Rebooted the Pi, then:
$ lsblk
NAME MAJ:MIN RM SIZE RO TYPE MOUNTPOINT
sda 8:0 1 223.6G 0 disk
└─sda1 8:1 1 223.6G 0 part
mmcblk0 179:0 0 29.8G 0 disk
├─mmcblk0p1 179:1 0 256M 0 part /boot
└─mmcblk0p2 179:2 0 29.6G 0 part /
To format the device, use mkfs
:
$ sudo mkfs.ext4 /dev/sda1
mke2fs 1.44.5 (15-Dec-2018)
Discarding device blocks: done
Creating filesystem with 58607510 4k blocks and 14655488 inodes
Filesystem UUID: dd4fa95d-edbf-4696-a9e1-ddf1f17da580
Superblock backups stored on blocks:
32768, 98304, 163840, 229376, 294912, 819200, 884736, 1605632, 2654208,
4096000, 7962624, 11239424, 20480000, 23887872
Allocating group tables: done
Writing inode tables: done
Creating journal (262144 blocks): done
Writing superblocks and filesystem accounting information: done
Then mount it somewhere:
$ sudo mkdir /mnt/sata-sda
$ sudo mount /dev/sda1 /mnt/sata-sda
$ mount
...
/dev/sda1 on /mnt/sata-sda type ext4 (rw,relatime)
$ df -h
Filesystem Size Used Avail Use% Mounted on
...
/dev/sda1 220G 61M 208G 1% /mnt/sata-sda
Performance testing of the Kingston SA400S37/240G drive:
Test | Result |
---|---|
hdparm | 314.79 MB/s |
dd | 189.00 MB/s |
random 4K read | 22.98 MB/s |
random 4K write | 55.02 MB/s |
Compare that to the same drive over USB 3.0 using a USB to SATA adapter:
Test | Result |
---|---|
hdparm | 296.71 MB/s |
dd | 149.00 MB/s |
random 4K read | 20.59 MB/s |
random 4K write | 28.54 MB/s |
So not a night-and-day difference like with the NVMe drives, but definitely and noticeably faster. I'm now waiting on another SSD and a power splitter to arrive so I can test multiple SATA SSDs on this card.
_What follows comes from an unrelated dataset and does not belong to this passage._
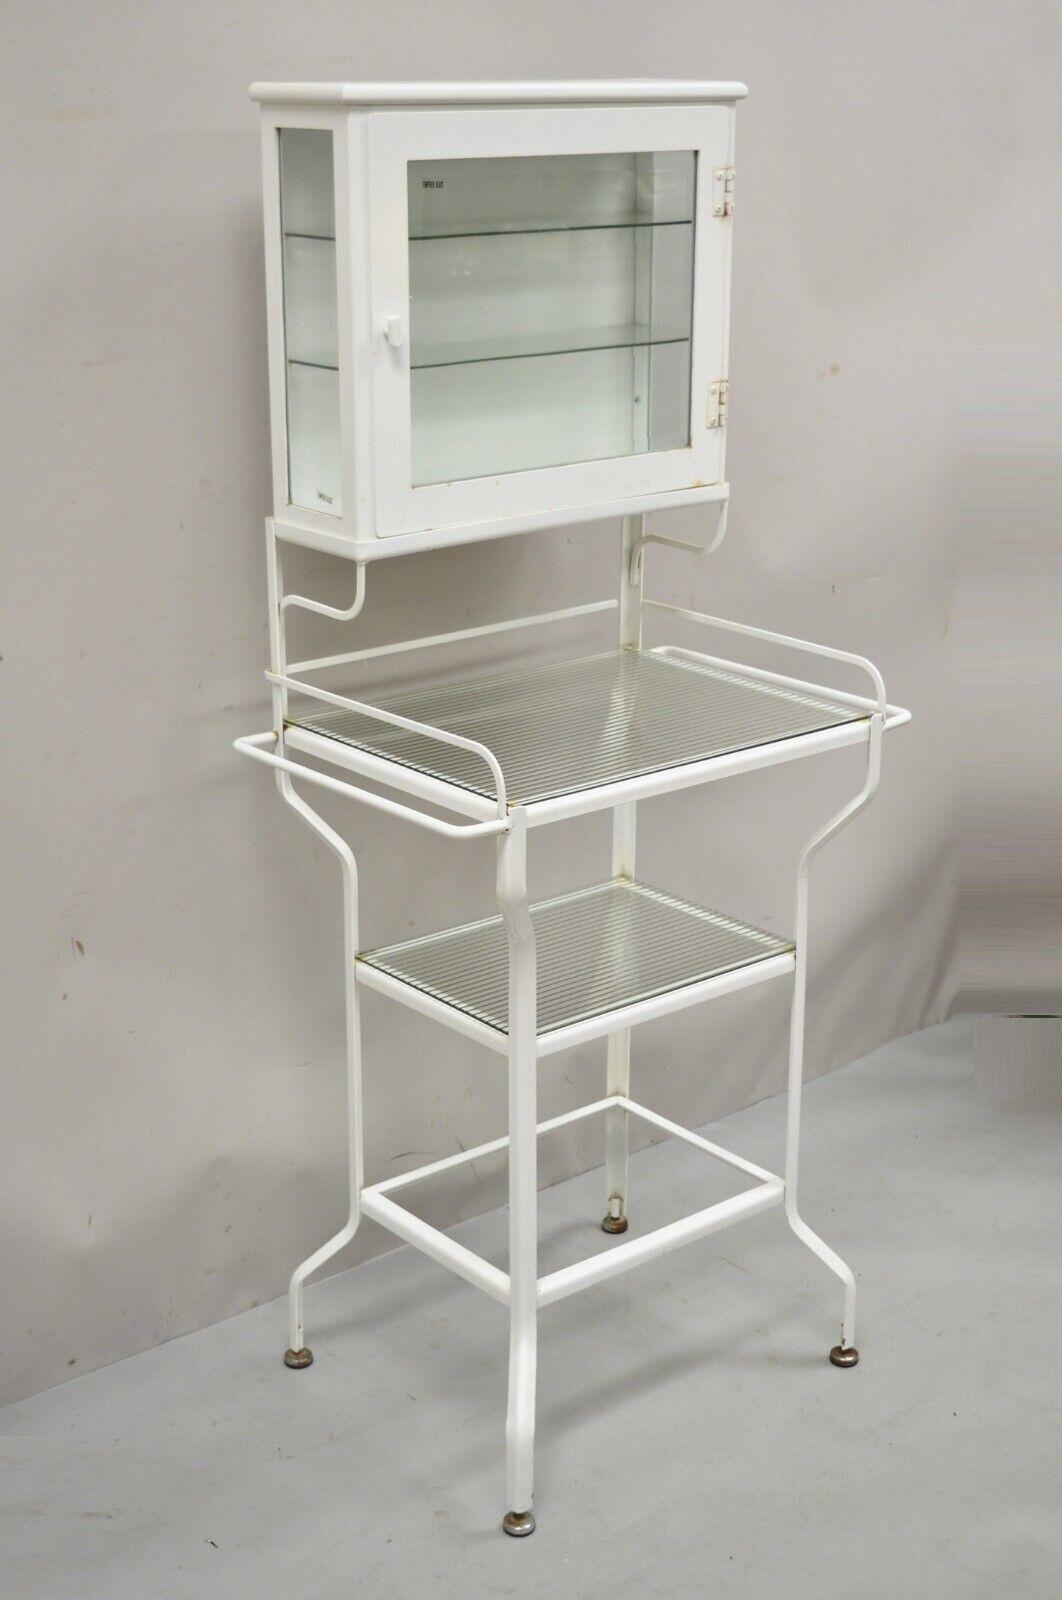 Retro vintage style Industrial metal white bathroom cabinet vanity stand. Item features upper swing door with 2 glass shelves, towel rods to sides,3 lower tiers with 2 glass shelves, Iron metal frame. Circa late 20th - early 21st century.

And someone just mentioned they have some RAID cards they'd be willing to send me. Might have to pony up for a bunch of hard drives and have my desk turn into some sort of frankemonster NAS-of-many-drives soon!
I'm curious about other OS's. Obviously, Raspbian is a good basis - but as I recall, Fedora Pi 64-bit uses their own custom kernel. I'd be interested in seeing what they've "left in" from the standard kernel config.
I'm looking forward to picking one of these up in a month or so when they become available to the public, then I'll give it a try!
Side note for your list page - could you include PCI ID's as well as just the brand names of the cards? It'll help avoid confusion where cards have multiple revisions, as well as help non-US users identify comparable cards in their own markets.
Great work in the meantime! :+1:
And someone just mentioned they have some RAID cards they'd be willing to send me. Might have to pony up for a bunch of hard drives and have my desk turn into some sort of frankemonster NAS-of-many-drives soon!
It would be great to test a RAID card based on Marvell 88SE9128 chipset, because it is used by many suppliers
Trying again today (but cross-compiling this time since it's oh-so-much faster) now that I have two drives and the appropriate power adapters. I'm planning on just testing a file copy between the drives for now, I'll get into other tests later.
Hmm... putting this on pause. My cross compilation is not dropping in the AHCI module for some reason, probably a bad .config
:/
Also, the adapter gets hot after prolonged use.
(For anyone interested in testing on an LSI/IBM SAS card, check out https://github.com/geerlingguy/raspberry-pi-pcie-devices/issues/18)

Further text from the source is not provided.